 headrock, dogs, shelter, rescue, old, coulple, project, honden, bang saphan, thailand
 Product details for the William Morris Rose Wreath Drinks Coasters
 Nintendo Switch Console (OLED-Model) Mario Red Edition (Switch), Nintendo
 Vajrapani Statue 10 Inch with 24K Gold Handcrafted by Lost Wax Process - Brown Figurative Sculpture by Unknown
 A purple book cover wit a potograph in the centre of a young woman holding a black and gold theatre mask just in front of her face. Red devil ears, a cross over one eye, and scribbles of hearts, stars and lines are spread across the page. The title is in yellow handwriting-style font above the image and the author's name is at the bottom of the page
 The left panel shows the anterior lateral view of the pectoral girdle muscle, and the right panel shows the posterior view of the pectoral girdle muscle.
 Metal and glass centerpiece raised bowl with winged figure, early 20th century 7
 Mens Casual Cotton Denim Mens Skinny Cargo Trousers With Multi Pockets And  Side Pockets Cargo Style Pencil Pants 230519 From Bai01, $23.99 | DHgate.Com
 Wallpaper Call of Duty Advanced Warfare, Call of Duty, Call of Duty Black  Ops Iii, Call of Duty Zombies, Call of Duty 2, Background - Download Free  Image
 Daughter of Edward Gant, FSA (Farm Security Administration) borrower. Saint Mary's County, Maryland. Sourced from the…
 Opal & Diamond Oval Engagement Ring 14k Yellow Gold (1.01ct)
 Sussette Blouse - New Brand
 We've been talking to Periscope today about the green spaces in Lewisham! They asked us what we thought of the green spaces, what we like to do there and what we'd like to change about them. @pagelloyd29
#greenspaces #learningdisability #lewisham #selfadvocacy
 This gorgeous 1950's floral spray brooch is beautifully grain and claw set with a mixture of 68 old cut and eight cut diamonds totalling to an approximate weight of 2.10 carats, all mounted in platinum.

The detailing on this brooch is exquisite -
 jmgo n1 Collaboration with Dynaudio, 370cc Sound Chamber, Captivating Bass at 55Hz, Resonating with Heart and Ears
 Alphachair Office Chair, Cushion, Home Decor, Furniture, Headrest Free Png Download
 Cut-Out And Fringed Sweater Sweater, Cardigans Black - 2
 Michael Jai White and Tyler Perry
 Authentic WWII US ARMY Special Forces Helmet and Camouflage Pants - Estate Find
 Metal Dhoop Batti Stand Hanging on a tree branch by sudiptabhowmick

------------------------------------

## Required work
Once you have counted the lines above that contain "Free", give that number alone.

## Result below
2